A Note on the Logic of Theology

I used to be a scoffer, so I behooves me to be patience with scoffing. And yet, at times, it is difficult to summon Christian charity when dealing with Postchristians.

Their common refrain is to scoff at monotheism as if reason and evidence do not support such a belief. The opposite is true.

Their belief is not only unsupported, it is literally a conspiracy theory: for its holds that all accounts and all evidence of every supernatural event ever reported, from the creation of the cosmos to the resurrection of Christ to that time your Aunt Bellena says she saw the ghost of greatgrandmama, are all frauds, mistakes, misperceptions,  or delusions. All religions, major and minor, are conspiracies to deceive the gullible, and the opiate of the masses.

History, if nothing else, shows this is not true. Opium use is much higher in times and places when religion is weak. Opium is the opiate of the masses. Monotheism, if anything, grounds men in reality, and keeps them away from the junk.

Logic and evidence supports a belief in God, not the other way around.

“It happened for no reason” is a weak explanation for the Big Bang, that is, the creation of nature from nothing; for the utility of reason, for the existence of the moral sense, for the human ability to think in symbols.

If these things arose from a nondeliberate natural process, then none of these things have a purpose, an end, and aim intended by a maker.

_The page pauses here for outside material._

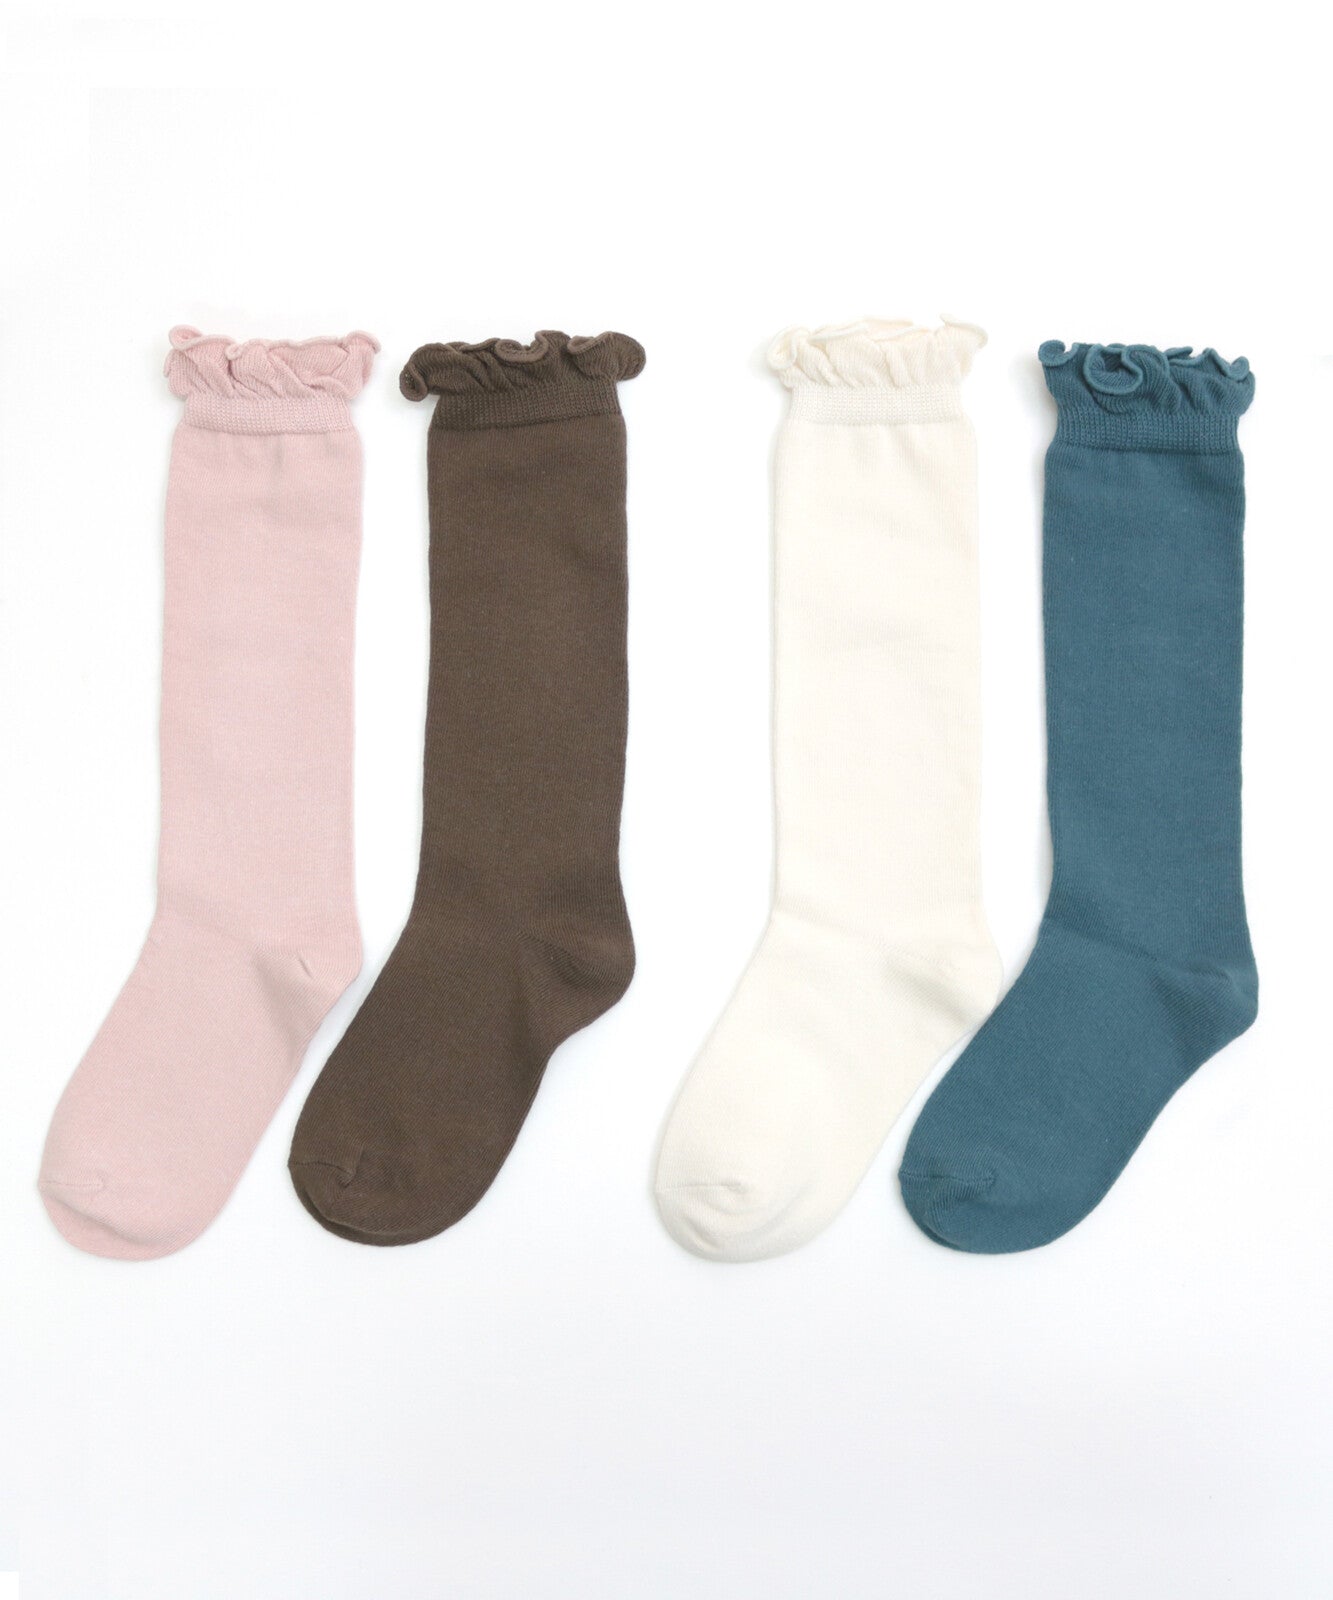 Stample Frill High Socks White&Navy 2Pairs/Stample荷叶边儿童及膝长袜 白色&墨蓝色 2双装 13-18cm 1-6yrs

A tool is an instrument make with an end in mind. No toolmaker, no tool. If reason, conscience, abstraction are not tools, then they cannot be tools for reasoning, for moral reasoning, for abstraction, and you could not be reading this sentence here and now, and think about it honestly — because reading, thinking, and honesty are not logically possible in a godless universe.

Who told you there is no evidence for God? No proposition has more obvious and more available evidence imaginable.